• **Work item**:
Each line below is to be copied exactly; images do not go into the copy.

• **Data provided**:
════════════════

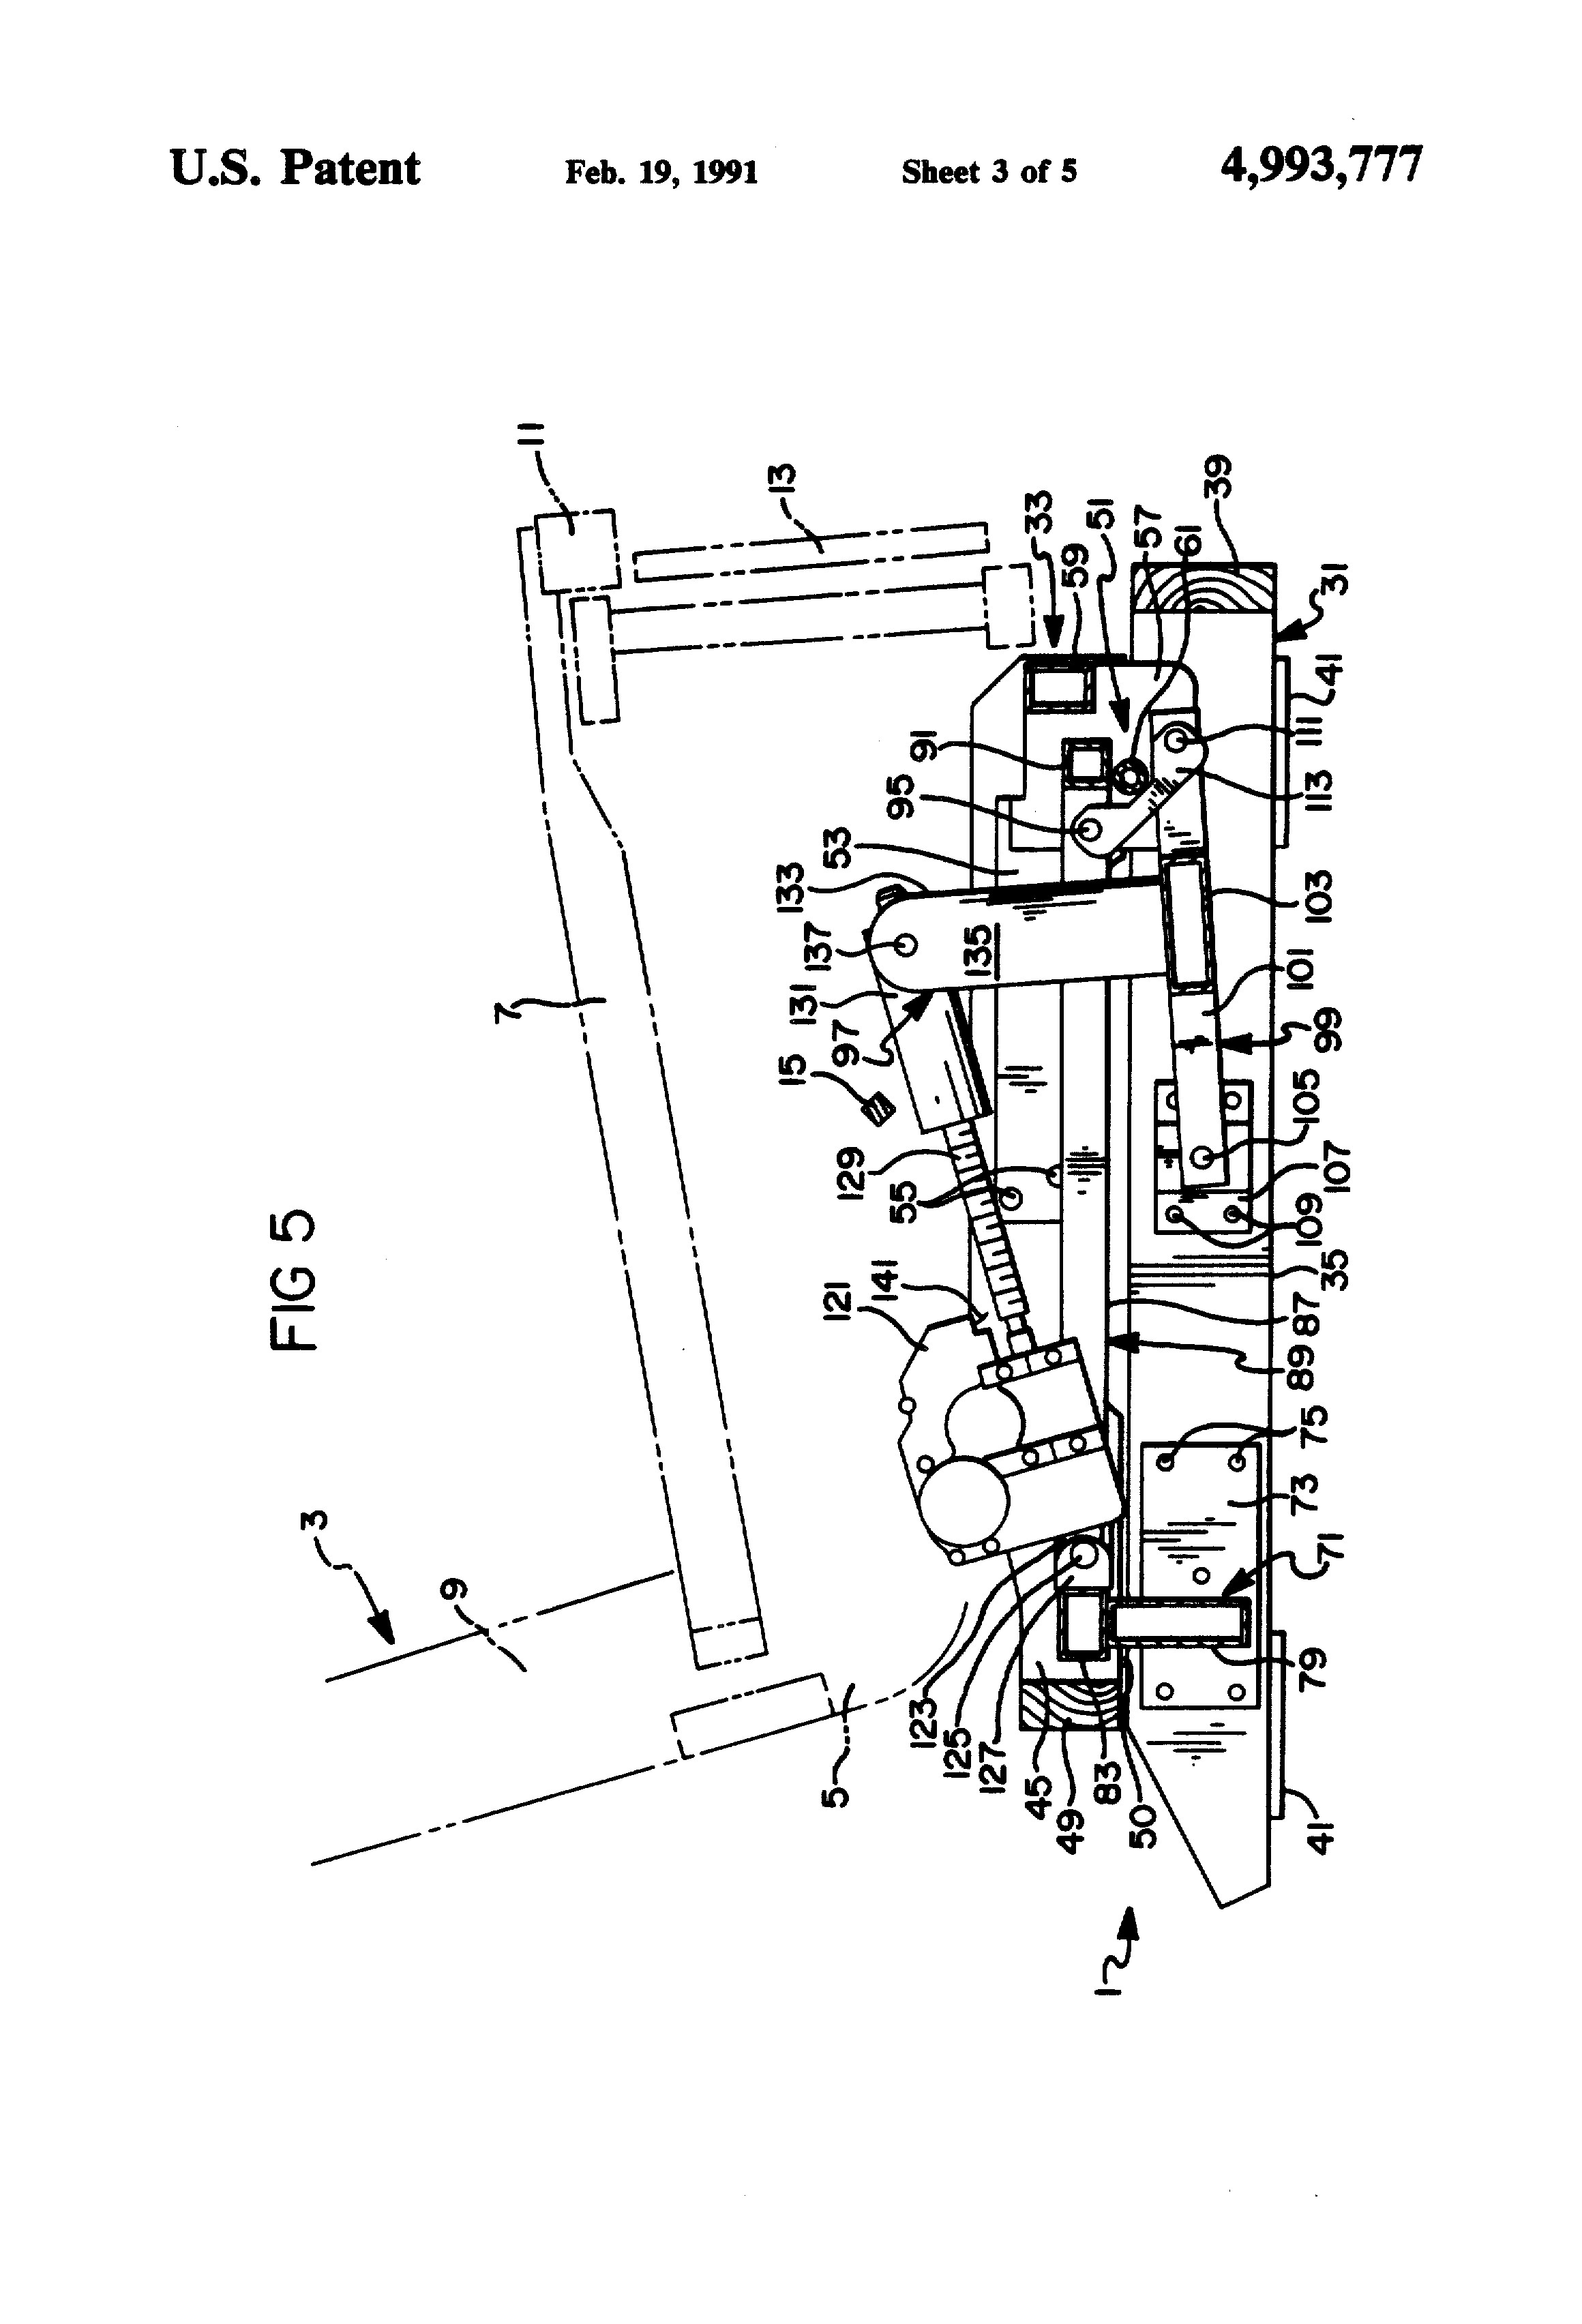 telstra lift wiring diagrams
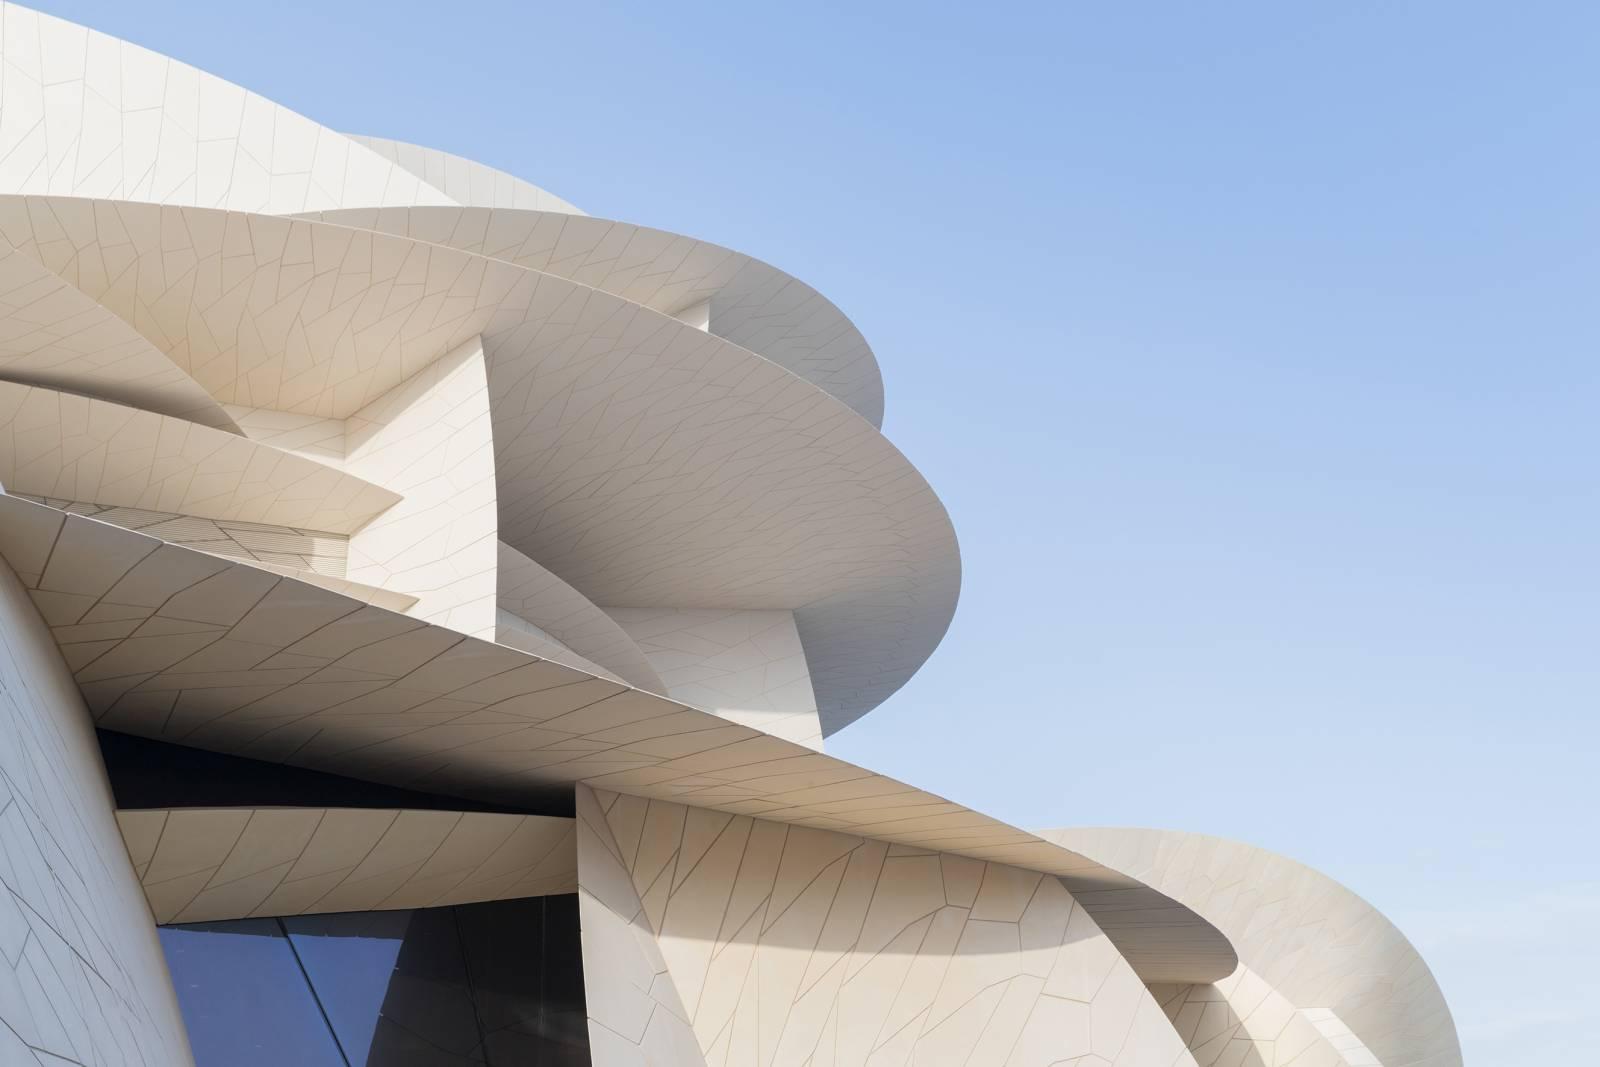 National Museum of Qatar   Doha, Qatar
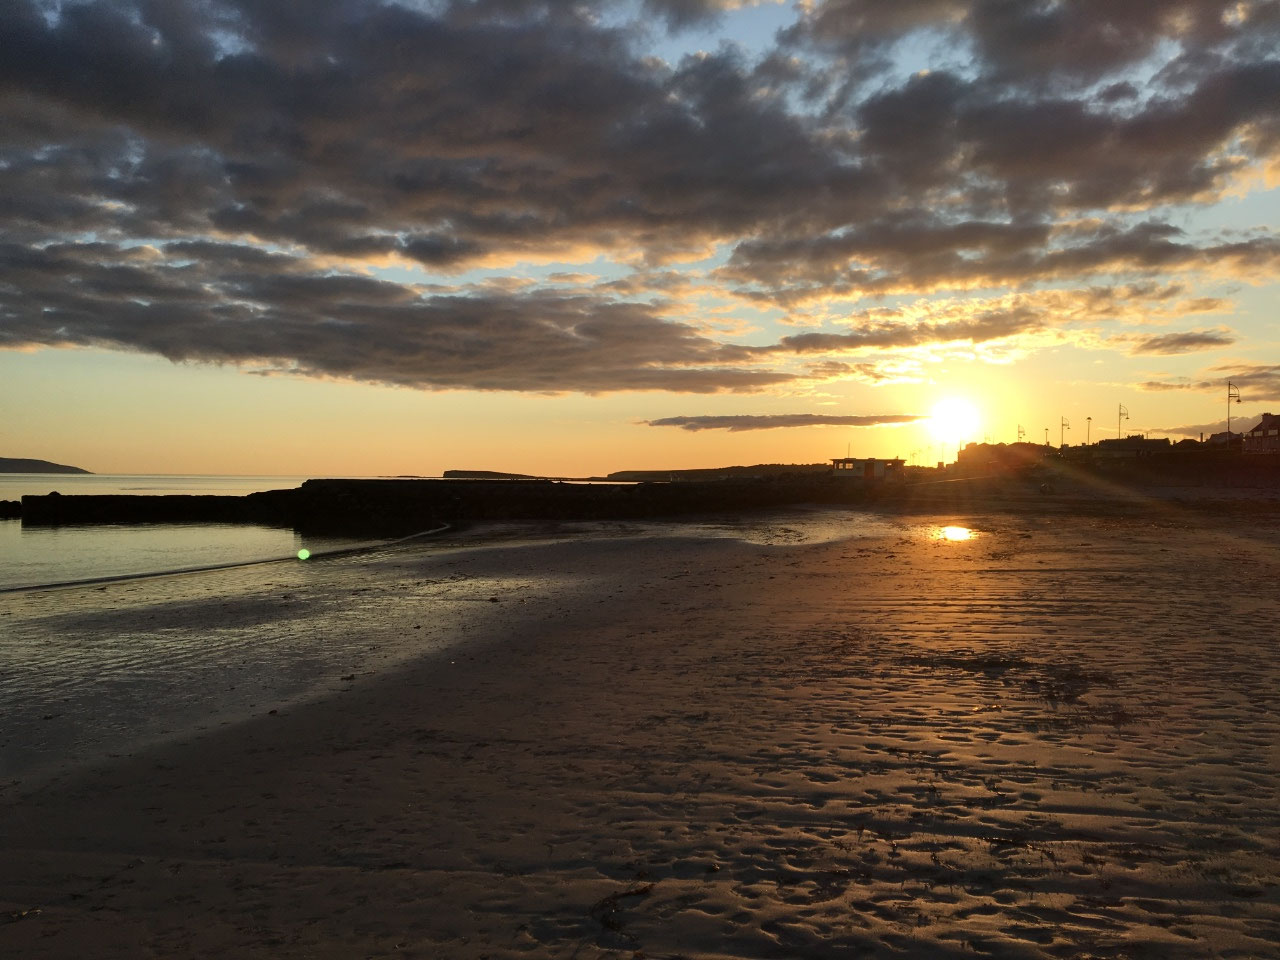 Sunset at Salthill Beach

════════════════

• **Worked solution**:
 telstra lift wiring diagrams
 National Museum of Qatar   Doha, Qatar
 Sunset at Salthill Beach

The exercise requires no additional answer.